Buying a used one, the owner has to remove it before the new owner can add it to InControl. The official FAQ item is pretty much useless, it provides no info on how to identify or contact the PO, and provides no mechanism if you can’t. Same with multiple other threads where that question was asked.
So, I’ll ask again - how does one identify the previous owner/organization so they can be contacted to release the device?
Don’t answer “contact the seller.” There’s a serious DoS/security flaw. Anyone with the serial number can assume ownership of an unregistered device, and the seller would have no way of knowing who it’s registered to or how to contact them - look at a few eBay listings and try it! (be sure to remove it if you do)
What process does Peplink have for recovering such a device? It seems the old “photo of the device / proof of purchase” method is no longer available.
Seems to me there should be some sort of key, available only via direct web management on the device (i.e. not on an external label), which would be needed in addition to the s/n to register a device with InControl.
Apparently, devices stay in InControl even after their license expires. It seems to me one solution is to simply “unregister” any device some short time (a few months?) after the license has expired. What good is InControl registration for an unlicensed device?
I’m just a personal user. I can probably get by with a reset and disabling InControl. But Peplink has a lost opportunity here - I would pay for PrimeCare if I could get it under my name.
I will tell you at least part of the problem, in some regions that Peplink operates (including mine) it would be illegal for Peplink to tell you who the registered owner currently is or even provide a contact phone number.
Also in regions that it isn’t illegal, it’s pretty bad form for them to provide customer data to a 3rd party.

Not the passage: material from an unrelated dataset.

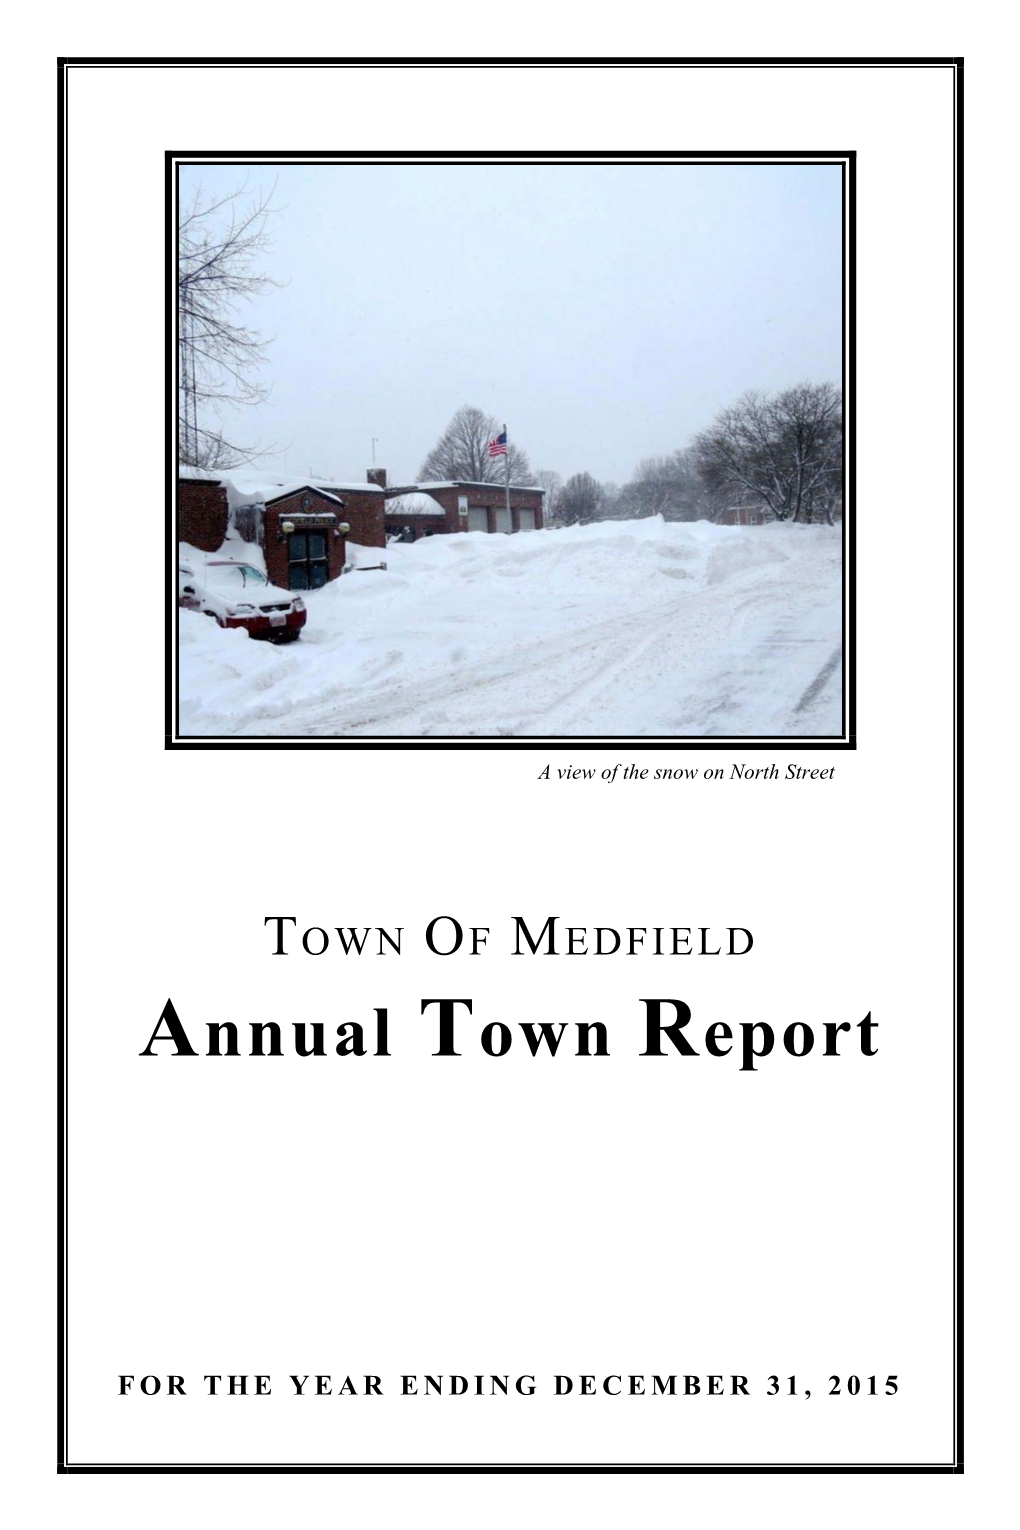 2015 Annual Town Report

For many large companies, the contact person on file would have no clue if you are even supposed to have their old device or if it was received legally.

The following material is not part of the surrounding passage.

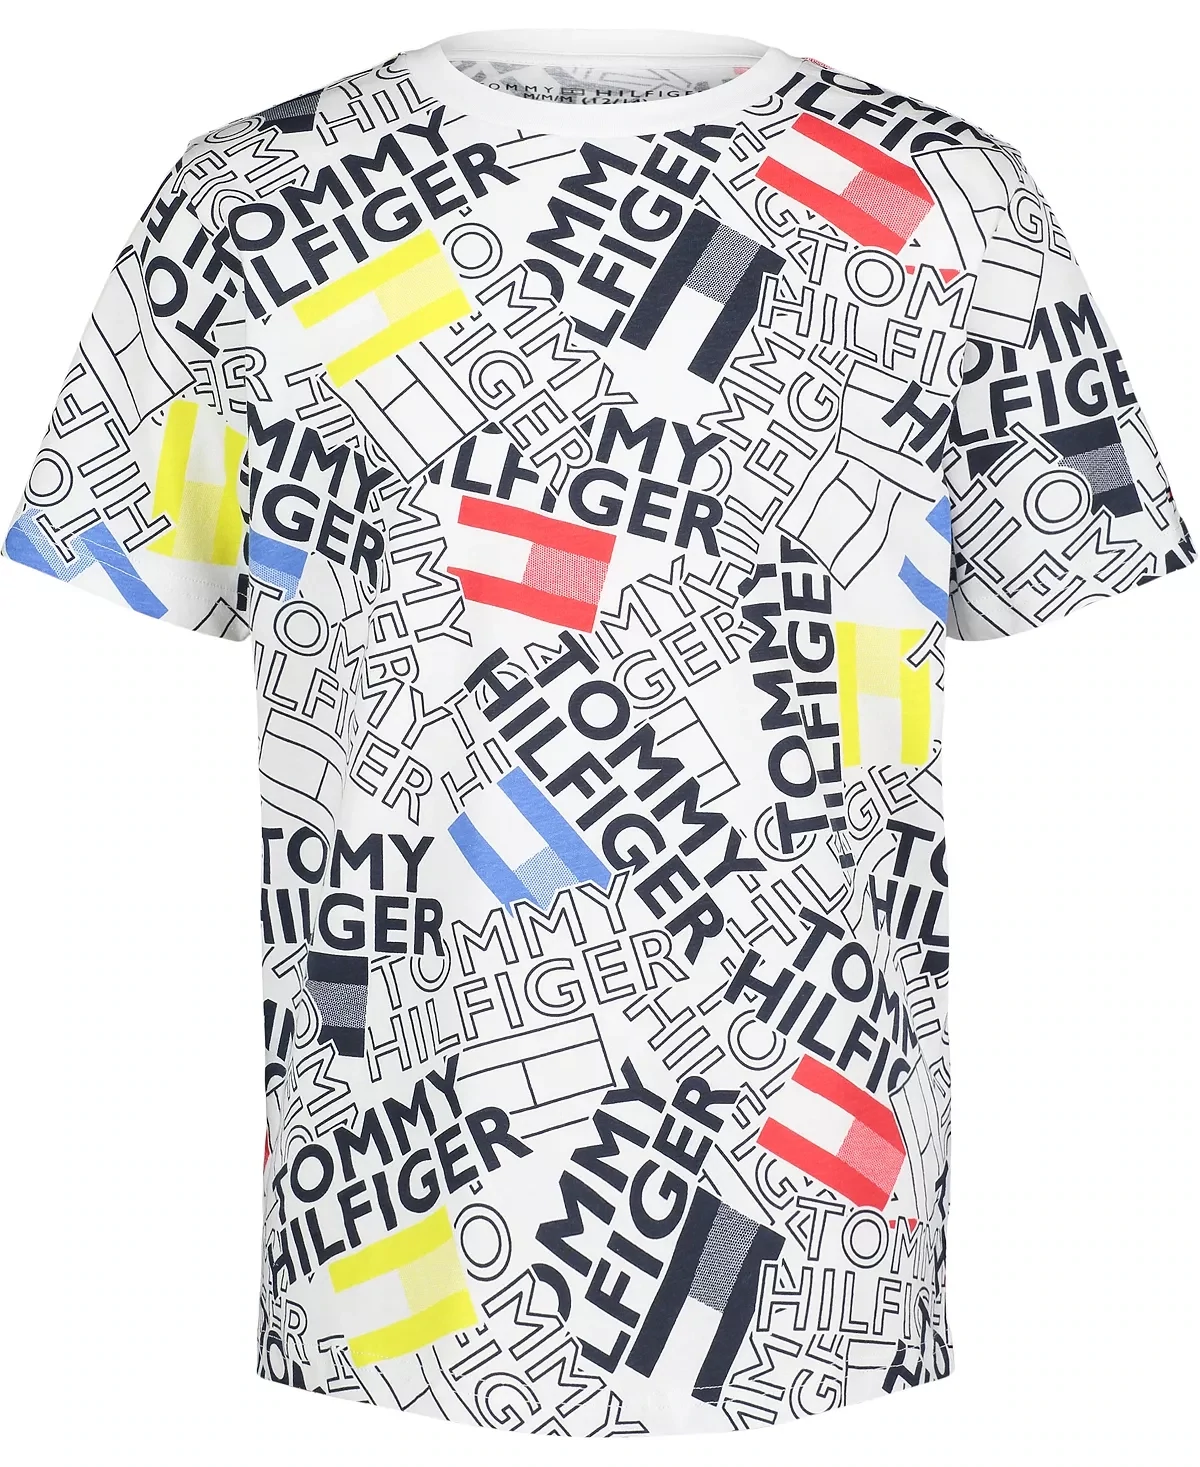 Tommy Hilfiger Toddler Boys Tossed Print T-shirt - Bright White - Size 3T

The ‘contact the seller’ is in the hope that they are in any way affiliated with the original owner and can help you. Problem is that many sellers in the used market just bought it at a sale of a bunch of used stuff together or even recovered it from recycling and have no way to get ahold of anyone involved.
I will let you know that expired devices do actually show up in InControl in a useful way, in status, green is online, red is offline and blue is warranty expired but showed up online today. It’s not much but for synergized devices or remote devices that get very little attention, it’s nice at a glance to get that info. (I can see this on devices of mine that haven’t been on a service plan since 2018)
As for why companies don’t just remove them, that’s easy, the admins have no clue where the devices are. Keeping the last gen stuff around to be able to swap in in an emergency or to get a temp location up quick, slowly becomes a bunch of outdated stuff around. When the oldest stuff gets purged by someone, nobody does more than a factory reset, then recycle. Over time this leads to a bunch of old devices on the account that haven’t been used for years but nobody sure which ones were recycled and which ones are being used as synergized devices or at some branch office as a cold standby. Add the risk of theft and I can see why Peplink can’t/won’t help.
I know this isn’t what you want to hear, it’s also the reason I have decided not to buy a used peplink device on more than one occasion.
About the only suggestion I have for Peplink, if there was a place in the web interface that could show that the device was released from InControl and was able to be adopted, that would be a way for sellers to show potential buyers the state of the device (as long as the seller also knew to cover up the SN)
But there is nothing stopping them from being an intermediary, even automating it providing a “contact registrant” link to a contact form next to the “this device is already registered” message, which could allow contact while keeping the current registrant anonymous. Or as was suggested in one thread I read - sending a “If you don’t confirm ownership (and accuse the current possessor of theft) of unlicensed device X in 7 days, we’re going to release it” email.
But not if the device has been sold or otherwise disposed of, in which case leaving them only causes clutter.
A concern I would have with this is that these emails might look like phishing emails and I might not respond thinking it is a phishing email, or that such emails might be caught by spam filters, etc. and not be delivered. I strongly do Not want anything I have locked for security to be automatically unlocked because an email is missed.
I would not like it at all if peplink removed my owned device from incontrol; If it’s registered to my incontrol account, it insures that someone else can’t see or somehow get the serial number and register it to a rogue incontrol account. One of my primary worries with cloud controled devices is the security of the cloud control.
I think if security is an issue, buy the device from a peplink authorized reseller and register it to your incontrol account. If there is an issue, they will certainly help you with your new device. Or make the incontrol registration a requirement of the purchase if buying used – if you don’t get it, return it not as advertised.
I don’t mean to be rude with my reply, but I hate the idea of reducing security of my devices by automatically “dropping” them at some point. If I pay full retail price, please continue to guard my security as the #1 goal. That’s why I’m paying the retail price to buy new routers.
I have had the experience of a Switch having a duplicate Serial Number from the factory preventing me from adopting. Support were able to contact the reseller of the duplicate who contacted the end user to confirm they we both indeed had the same serial number, after which my unit was “rebirthed”.
The same process of Support as Middle-man could easily resolve this most of this problem.
I agree that simple possession of the hardware should not be enough as that encourages theft, there must be a process to legitimately have the devive un-registered.